JAKARTA, GLOBALPLANET - “Tarif pungutan ekspor harus mendukung pertumbuhan usaha hulu, hilir, dan juga kesejahteraan petani kelapa sawit,” kata Ketua Umum Gabungan Pengusaha Kelapa Sawit Indonesia (GAPKI) Joko Supriyono seperti kutip Sawit Indonesia, Kamis (27/5/2021).
Untuk mencapai keseimbangan tersebut, GAPKI mengusulkan penyesuaian tarif pungutan ekspor sawit dalam PMK 191/2020.
“Kebijakan tarif pungutan ini diterapkan agar sektor hulu dan hilir sawit dapat berjalan. Bukannya sektor lain lebih menikmati lalu sektor lain lebih terbebani,” kata Joko Supriyono.
Ia mengatakan kelemahan sistem tarif pungutan sawit saat ini terlalu berpatokan kepada harga patokan ekspor (HPE) CPO. Sejatinya, pungutan ini bertujuan mendukung mandatori biodiesel. Dana pungutan digunakan untuk menutup selisih harga minyak bumi dengan biodiesel. Ini artinya harus disesuaikan dengan kebutuhan pembiayaan program biodiesel.
Atas dasar itulah, pungutan harus dibuat sejalan dengan kebutuhan mandatori B30 yang berjalan sekarang ini. “Sekarang ini, tidak ideal karena tarif dipungut itu berdasarkan kepada tingginya harga CPO. Sehingga dana pungutan yang diperoleh sangat besar. Padahal besaran dana pungutan tersebut tidak sesuai dengan kebutuhan pembiayaan program biodiesel.
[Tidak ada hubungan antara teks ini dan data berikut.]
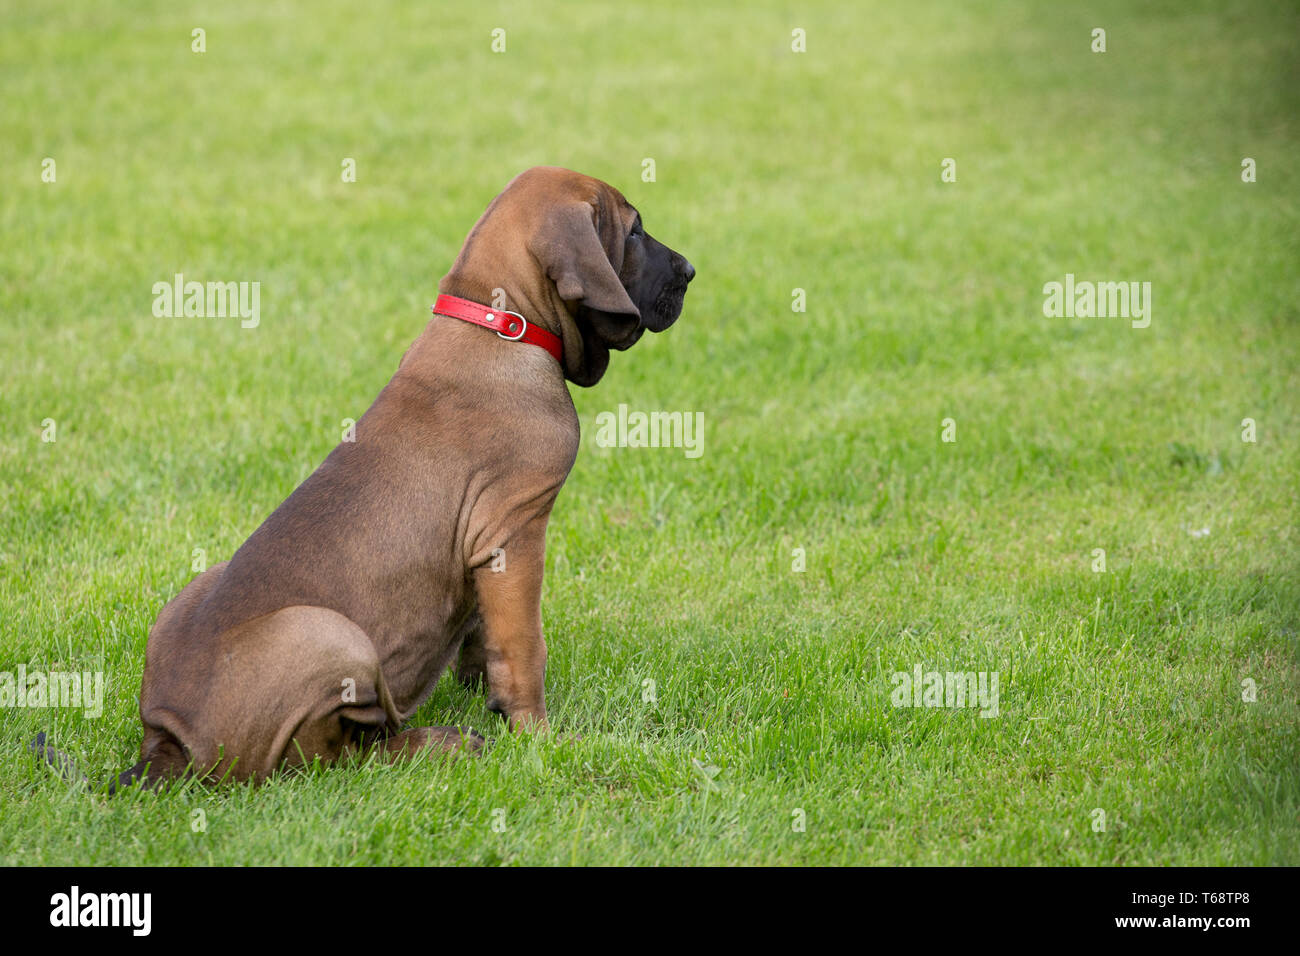 Puppy of Fila Brasileiro (Brazilian Mastiff) Stock Image - Image
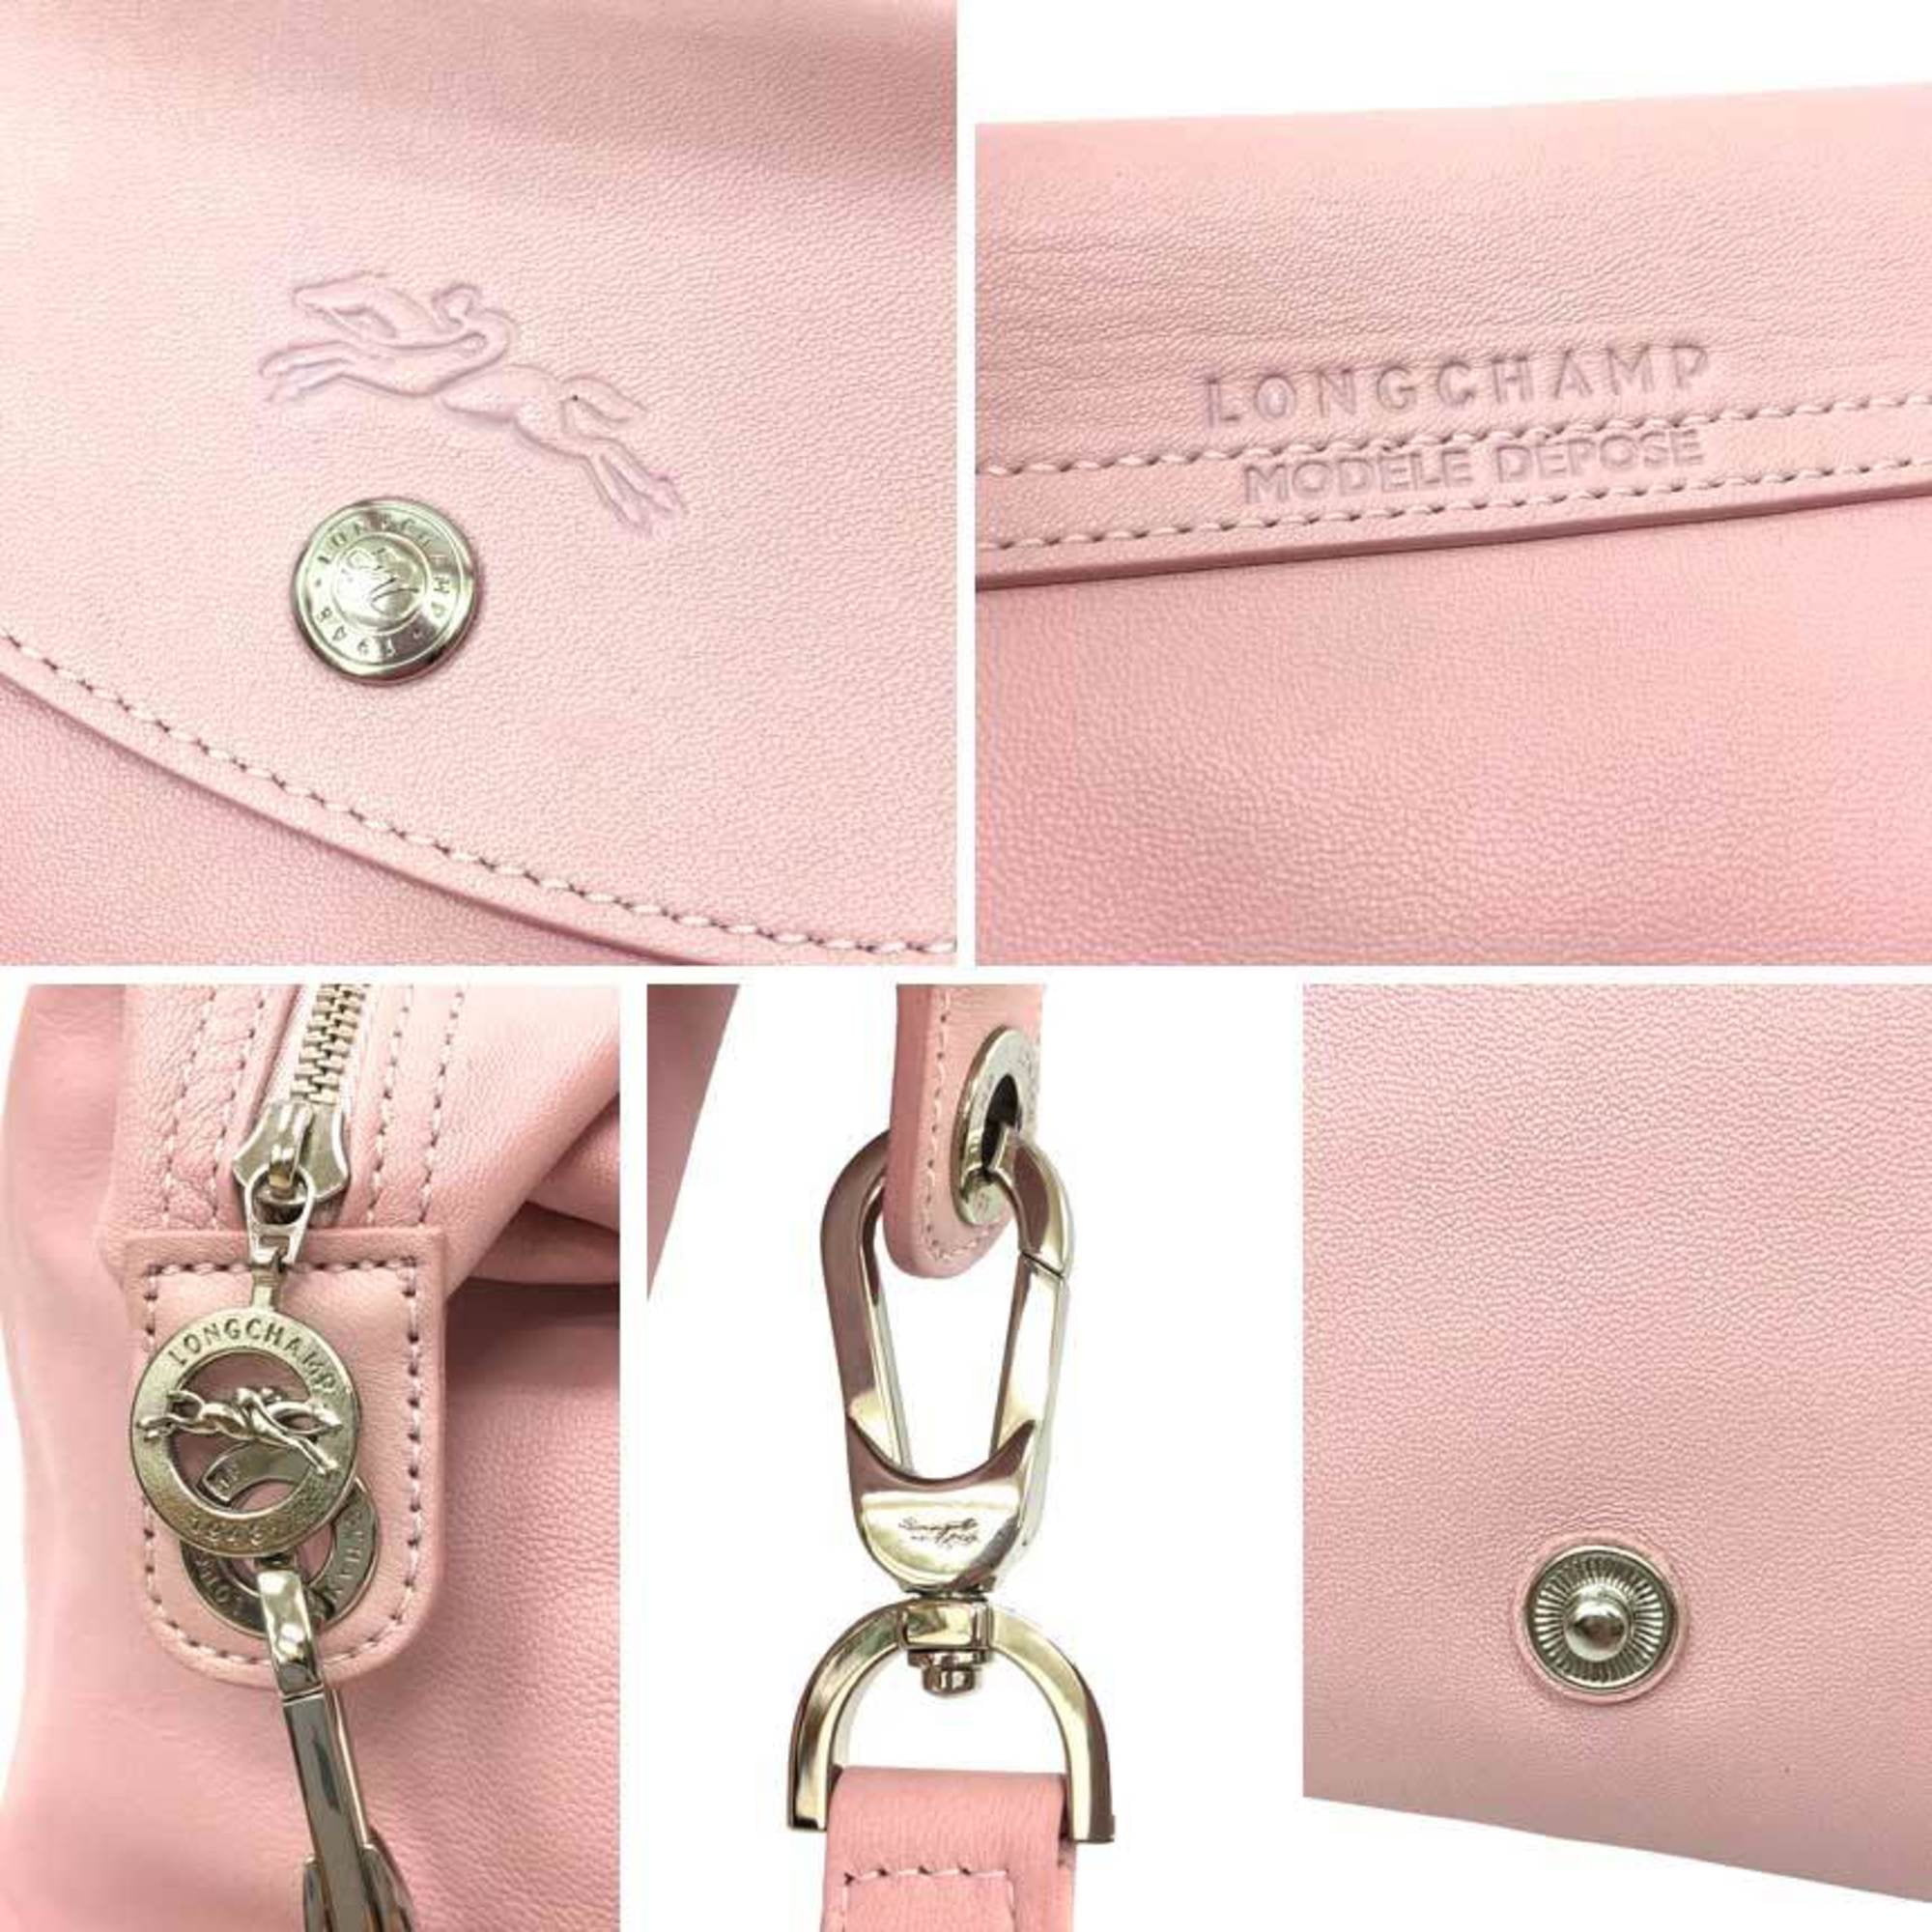 Longchamp Le Pliage Cuir+How to authenticate Longchamp Le Pliage Cuir bags

Karena kebutuhan biodiesel dan program lain-lain tidak sebesar itu,” jelasnya.
Saat ini, dikatakan Joko, ada surplus dana pungutan yang terlalu besar. Padahal, kebutuhan menjalankan program sawit di bawah BPDKS masih tercukupi. Sebagai perhitungan, harga CPO dunia sekarang ini rerata US$ 1.200 dolar per ton. Harga sebesar ini akan terpangkas tarif pungutan sebesar US$ 255/ton dan US$ 183/ton untuk bea keluar sesuai regulasi pemerintah. Ini artinya, perusahaan yang mengekspor CPO akan menerima US$ 762 per ton setelah dipotong pungutan ekspor dan bea keluar.
“Dengan tarif pungutan tadi, ada opportunity lost saat harga CPO lagi bagus. Idealnya, perusahaan dapat melakukan investasi karena menikmati margin bagus,” ujar Joko.
Joko mengatakan pungutan sebaiknya jangan dibebankan terlalu besar. Selain itu, besaran pungutan harus disesuaikan dengan kebutuhan program sawit. Tujuannya, perusahaan di sektor tetap dapat melakukan investasi dan tidak kehilangan kesempatan dalam rangka penyerapan tenaga kerja.
“Penyesuaian tarif pungutan tetap berpatokan kepada kebutuhan mandatori biodiesel, PSR, dan program sawit lainnya. Kami juga tidak setuju tarif pungutan sawit dihilangkan. Karena manfaat pungutan sangat dirasakan untuk mendukung kebijakan hilir, peremajaan sawit rakyat, dan kampanye positif,” papar lulusan Fakultas Pertanian Universitas Gajah Mada ini.
Namun, dikatakan Joko, sistem tarif pungutan harus dinamis dan fleksibel sesuai kondisi industri sawit di dalam dan luar negeri. Ada saatnya, tarif dinaikkan tapi ada pula diturunkan agar semua sektor sawit dapat berjalan beriringan dan berkelanjutan.
Joko optimistis penyesuaian tarif pungutan ekspor tidak akan mengganggu harga TBS sawit petani. Sebab, besar kecilnya harga TBS dipengaruhi banyak faktor terutama harga CPO dunia. Saat ini, harga CPO tinggi tidak saja dipengaruhi mandatori biodiesel Indonesia. Melainkan juga pasokan minyak nabati lain seperti minyak kedelai dan bunga matahari.